Nel caso del fotovoltaico, la ripartizione della potenza per tipologia di sito mostra un’incidenza dei terreni agricoli e forestali pari al 9%.

Tale quadro, pur evidenziando una tendenza alla crescita, sottolinea un modesto contributo del comparto agricolo alla produzione di energia. Tale andamento si scontra con l’andamento delle superfici coltivate in Italia. L’Istat per l’annata agraria 2010-2011 rileva una contrazione dell’area investita a frumento (-13,5% e -5%, rispettivamente per il frumento tenero e duro) solo in parte compensata dalla crescita degli altri cereali. Per i semi oleosi, i modesti aumenti (in termini assoluti) di soia e girasole si contrappongono all’ulteriore consistente riduzione del colza (-20%), coltura privilegiata nella produzione del biodiesel.

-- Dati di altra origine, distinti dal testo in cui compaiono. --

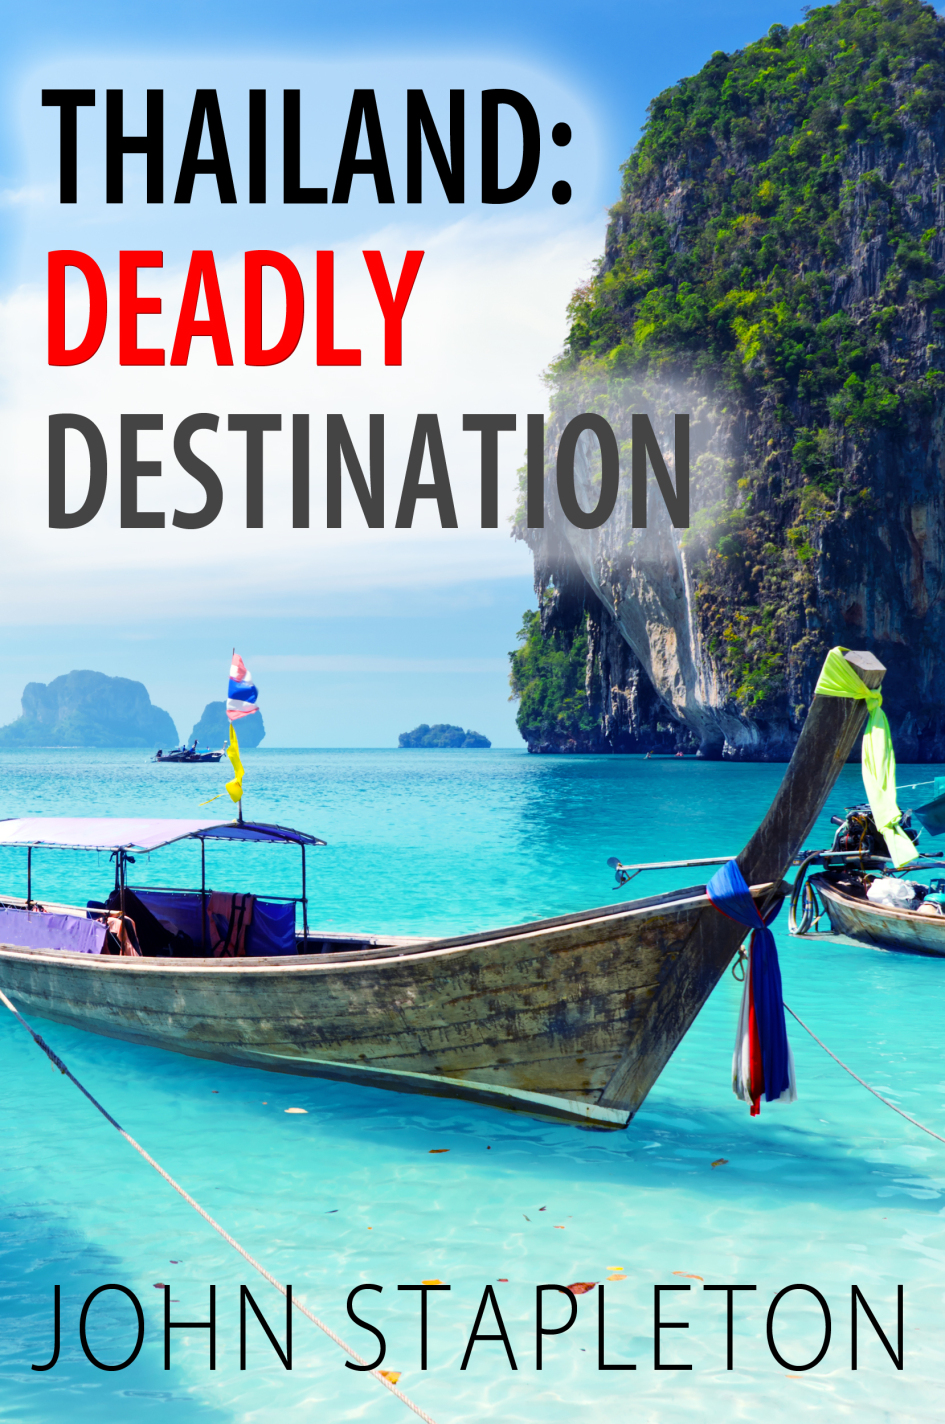 Thailand Deadly Destination by John Stapleton
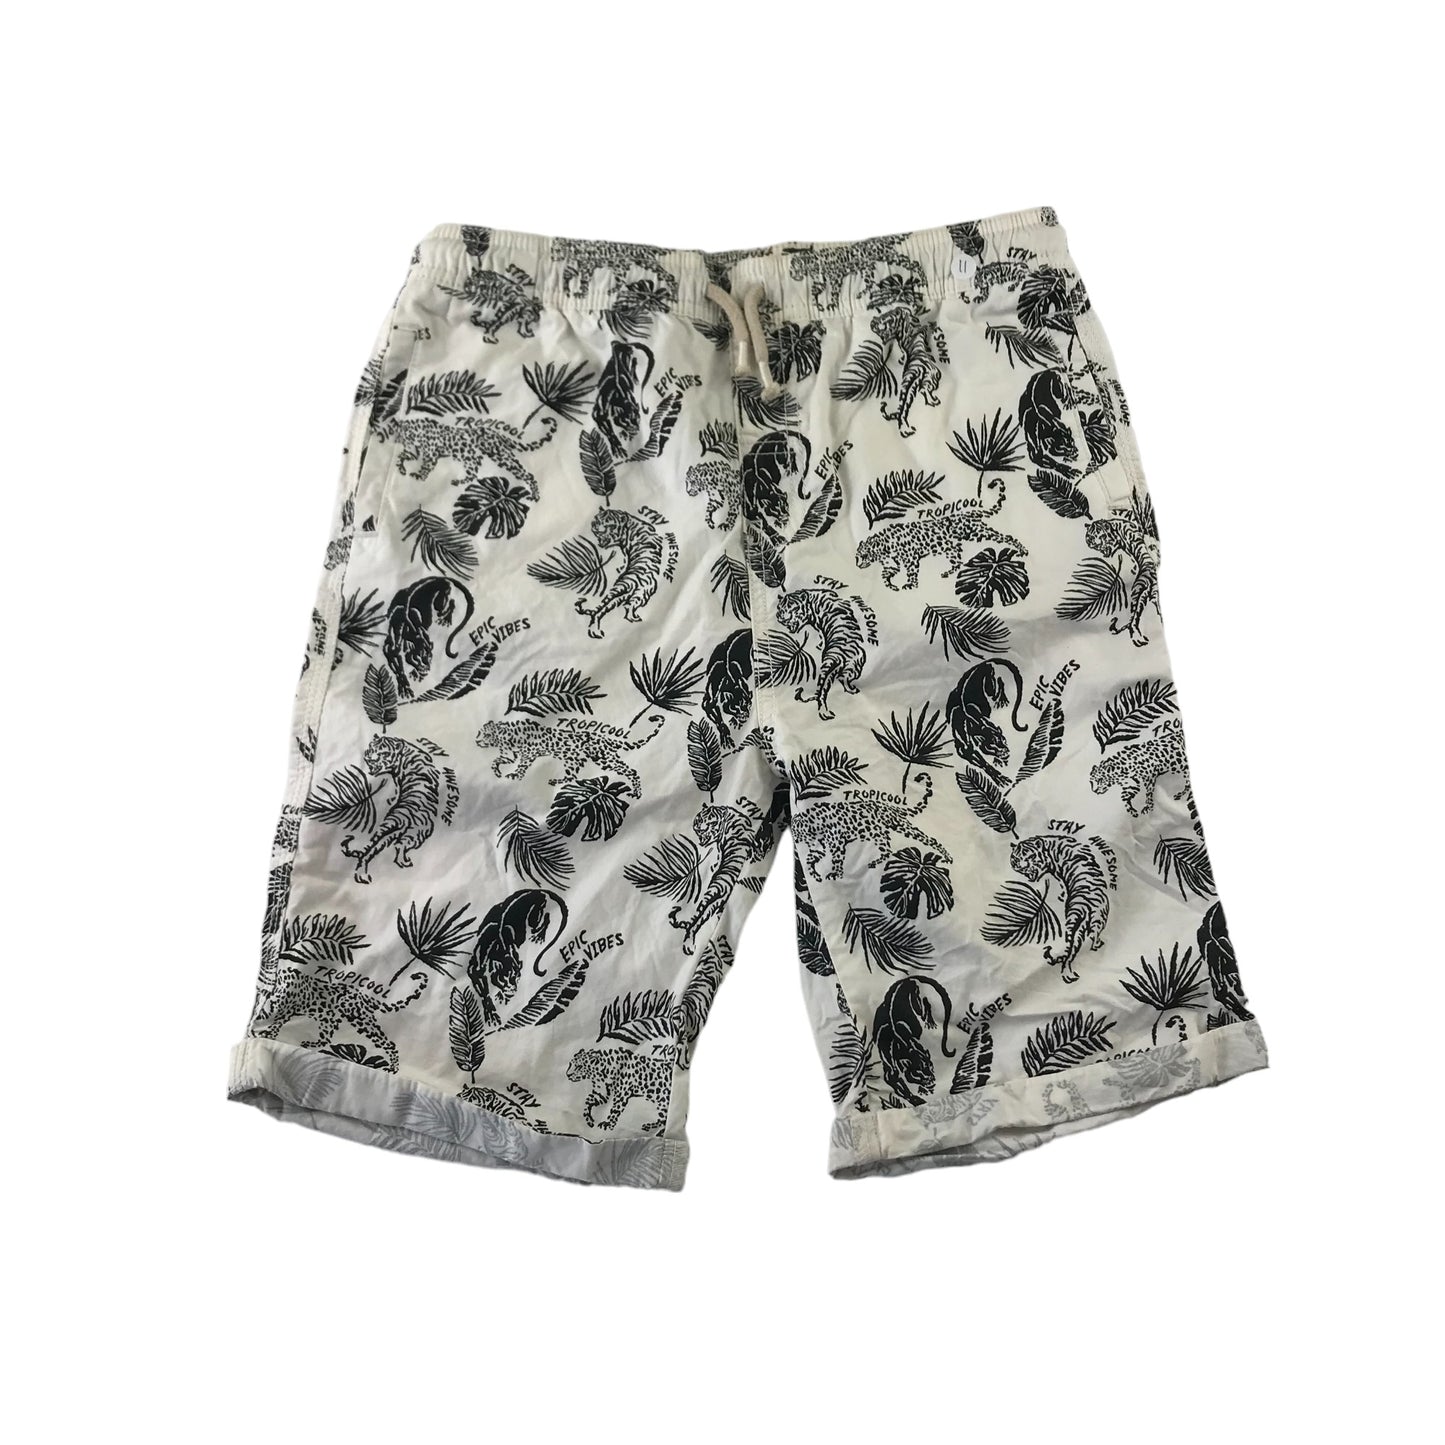 Tu Shorts Bundle Age 11 Plain Black and Tiger Floral Print Shorts Pull Up Cotton

Il dato più rilevante, tuttavia, è il significativo aumento delle superfici messe a riposo (+19,1%) e dei terreni per i quali, a campagna inoltrata, gli agricoltori non hanno deciso la coltivazione, mostrando, più in generale, la crisi di redditività del comparto dei seminativi e, più in particolare, la scarsa attrattività delle colture dirette alla produzione di energia.